Benchmark a pipeline against ground truth#
The point of a forward simulation is that you know the answer. This recipe runs your analysis pipeline on a simulated movie and scores what it recovered against the ground truth, using the recovery metrics.
1. Simulate, then run your pipeline#
from minisim import simulate
rec = simulate(spec)
movie = rec.observed # (frame, height, width) sensor counts
gt = rec.ground_truth
# Your analysis pipeline (minian, CaImAn, suite2p, ...) returns:
# A_est: (n_units, height, width) spatial footprints
# C_est: (n_units, frame) calcium traces
# S_est: (n_units, frame) deconvolved spikes
A_est, C_est, S_est = run_my_pipeline(movie)
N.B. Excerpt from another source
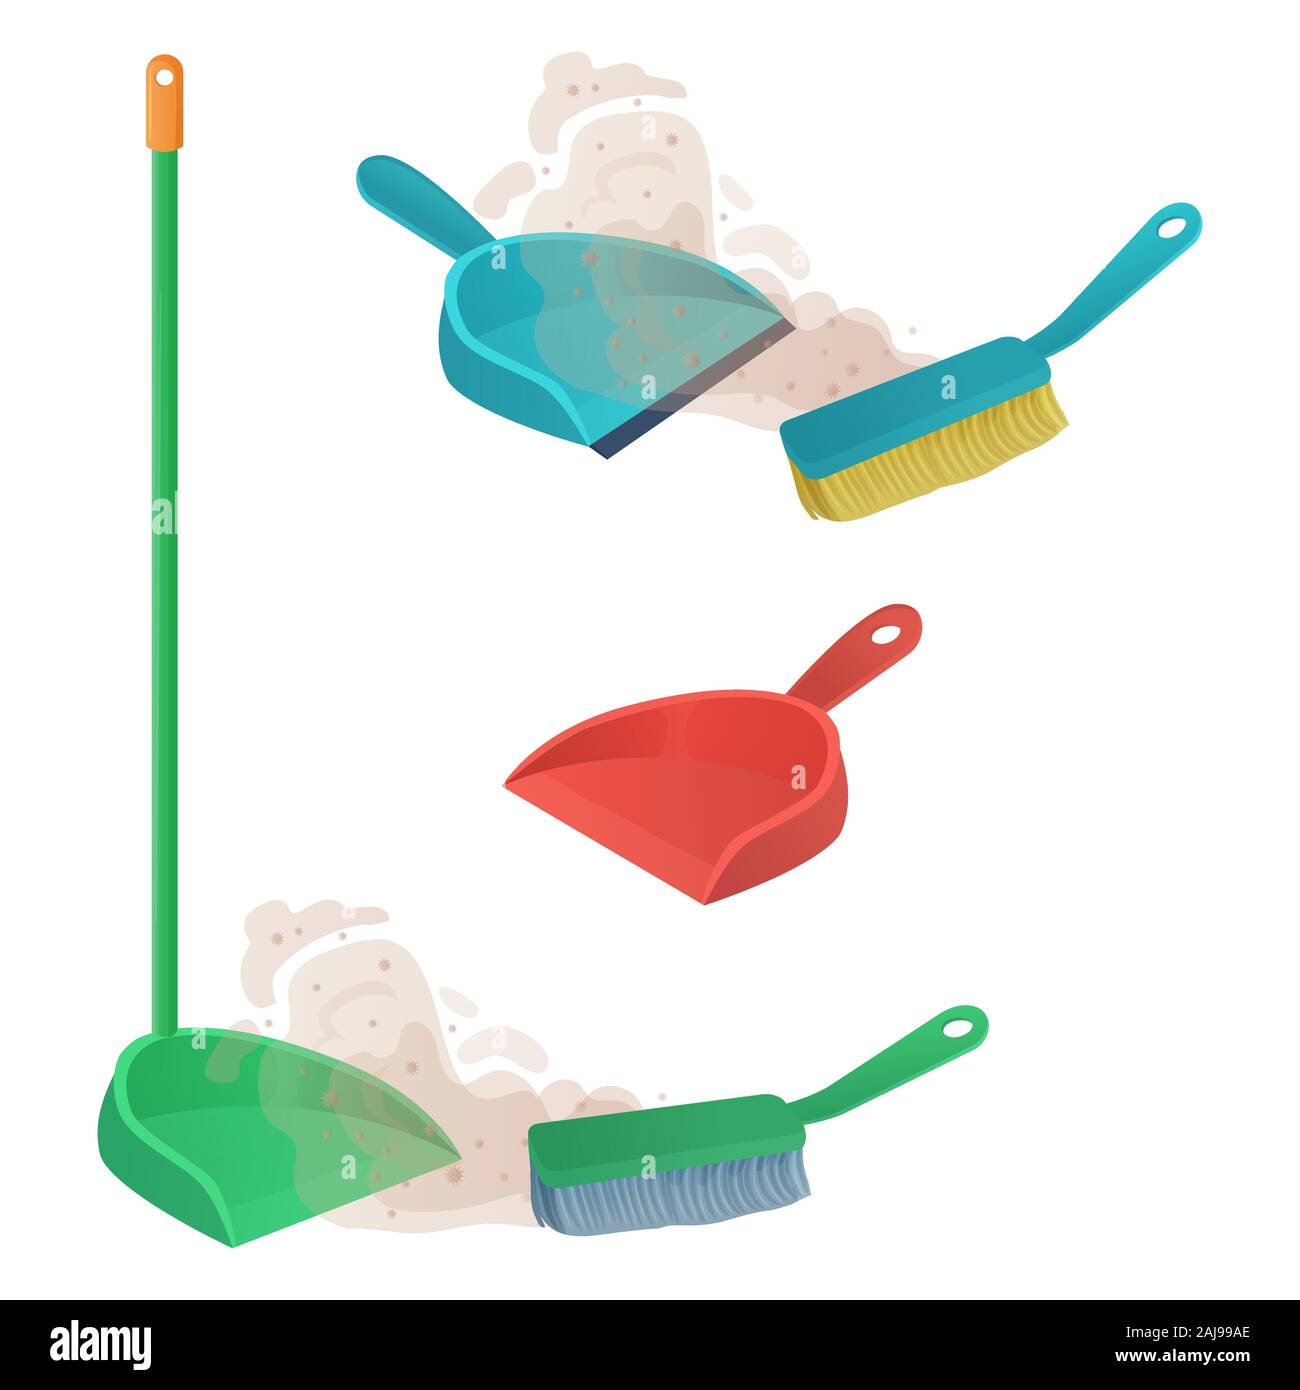 Cartoon plastic scoop set. Brush sweeps dust and dirt on dustpan. Housework, cleaning services, household, concept. Equipment for cleaning element Stock Vector

2. Match estimated cells to true cells#
Recovery is only meaningful once you know which estimated cell corresponds to
which true cell. hungarian_match() solves the optimal
one-to-one assignment by spatial overlap (IoU). Match against A_observed (what
is actually recoverable through the optics), not A_planted (the optics-free
ideal).
from minisim import hungarian_match
match = hungarian_match(A_est, gt.A_observed)
match.recall() # fraction of true cells recovered (IoU >= 0.5)
match.precision() # fraction of estimated cells that are real
match.mean_iou # mean spatial overlap over matched pairs
Recall should be scored against the detectable cells, not every planted cell:
a cell too deep or too dim to appear in the movie is not a fair miss. Use
detectable_subset() for the honest denominator:
det = gt.detectable_subset()
match = hungarian_match(A_est, det.A_observed)
print(f"recall over detectable cells: {match.recall():.2f}")
3. Score the recovered traces and spikes#
match.pairing is the list of (est_idx, true_idx) pairs; feed it straight to
the temporal metrics.
import numpy as np
from minisim import trace_pearson, spike_precision_recall
r = trace_pearson(C_est, gt.C, match.pairing) # one Pearson r per matched pair
print(f"median trace correlation: {float(np.nanmedian(r)):.2f}")
spikes = spike_precision_recall(S_est, gt.S, match.pairing, tol_frames=2)
print(f"spike precision={spikes.precision:.2f}, recall={spikes.recall:.2f}")
4. Score motion recovery (optional)#
If your pipeline estimates a rigid-motion trajectory and the spec has a
BrainMotion step, compare against gt.shifts with
shift_rmse():
from minisim import shift_rmse
rmse_px = shift_rmse(shifts_est, gt.shifts) # per-frame (dy, dx), in pixels
Scaling up#
To trace a metric across a physical axis (recall vs depth, vs NA, vs density), drive this same scoring from a parameter sweep and collect the results into a DataFrame.